In our study, 29 % of the patients delivered without epidural analgesia. A recent study had demonstrated an elevated UtA PI after epidural anesthesia during the first stage of labor, but no change in the UA PI was noted [11]. The authors did not differentiate the measurements between the RT and LT UtA. In another study that did differ between RT and LT UtAs before and after epidural anesthesia, there was a significant reduction in UtA Doppler velocities but the RI was not significantly different [12]. In our study, 71 % of patients had epidural anesthesia. In these patients, measurements were taken shortly after the epidural analgesia was performed. The differences between the first and second stages of labor in patients under epidural anesthesia were still significant in the LT UtA but not on the RT side.

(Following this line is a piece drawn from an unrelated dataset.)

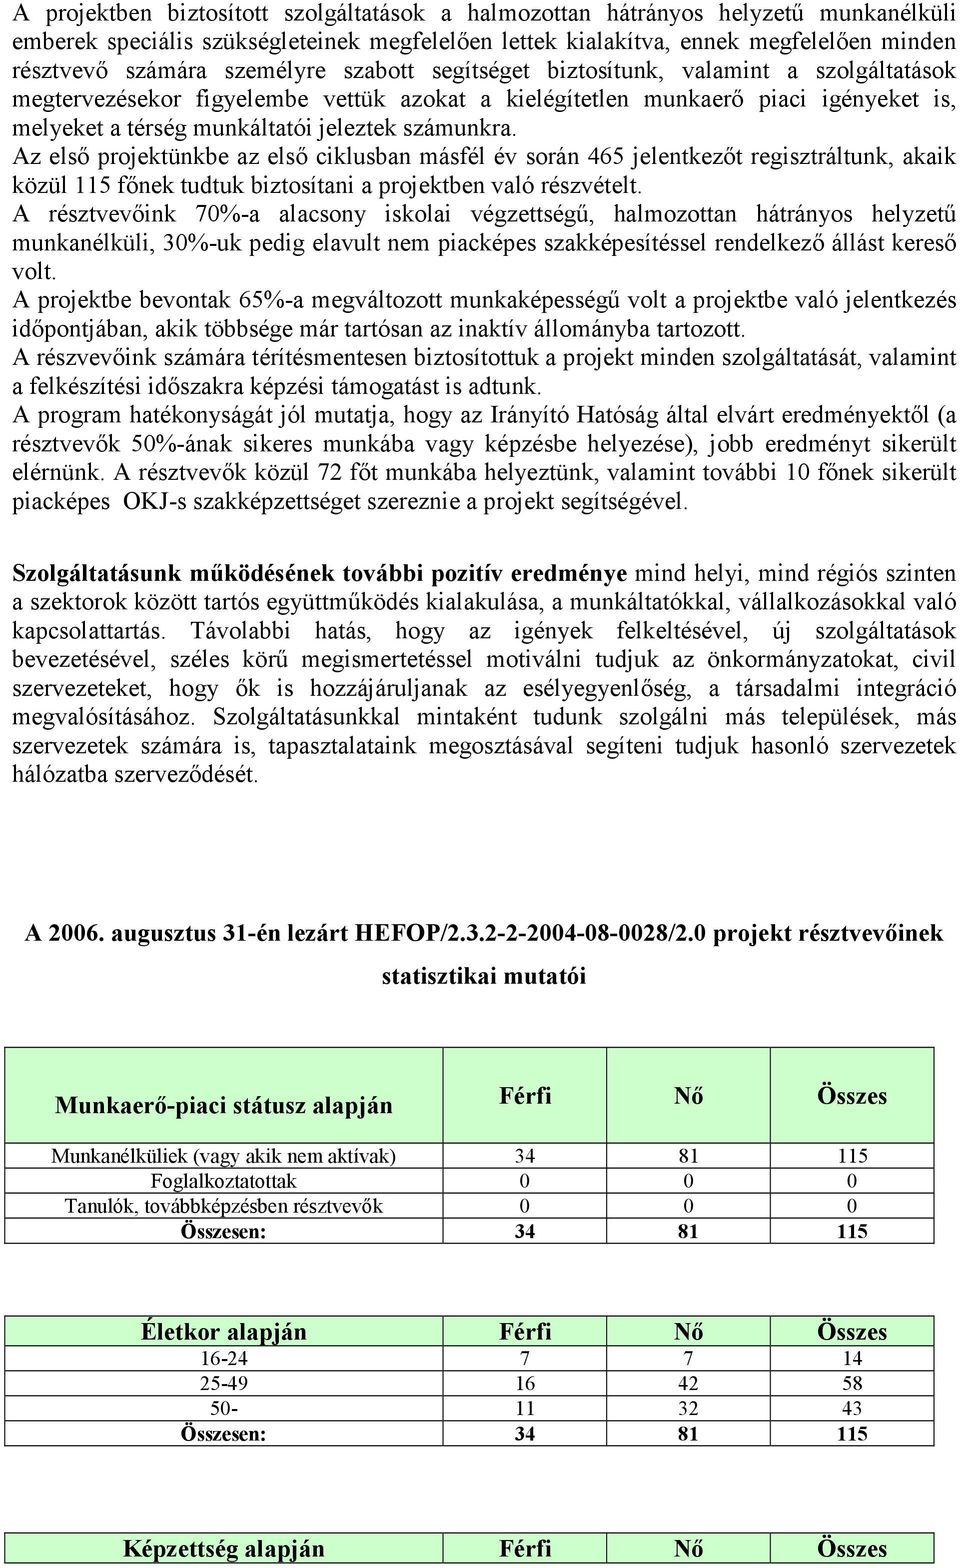 számunkra. Az elsı projektünkbe az elsı ciklusban másfél év során 465 jelentkezıt regisztráltunk, akaik közül 115 fınek tudtuk biztosítani a projektben való részvételt.

Placentation causes remodeling of maternal spiral arteries; this may alter uterine blood flows [13]. Knowledge of the sites of origin could explain, at least in part, differences between the flow patterns in the LT and RT UtAs. The placental location (LT vs. RT) is normally noticed in the second trimester. In the third trimester, the placenta grows and it becomes more difficult to notice the placental site of origin. Because our study was performed during the late third trimester, we could not differentiate between the placental sites of origin. Moreover, it is unlikely that the side of placentation has influenced the changes that were found, since the compared measurements were carried out from the same side during both the first and the second stages of delivery.

In conclusion, in the second stage of labor there are significant blood flow resistance changes in maternal as well as in fetal blood vessels compared to the first stage of labor.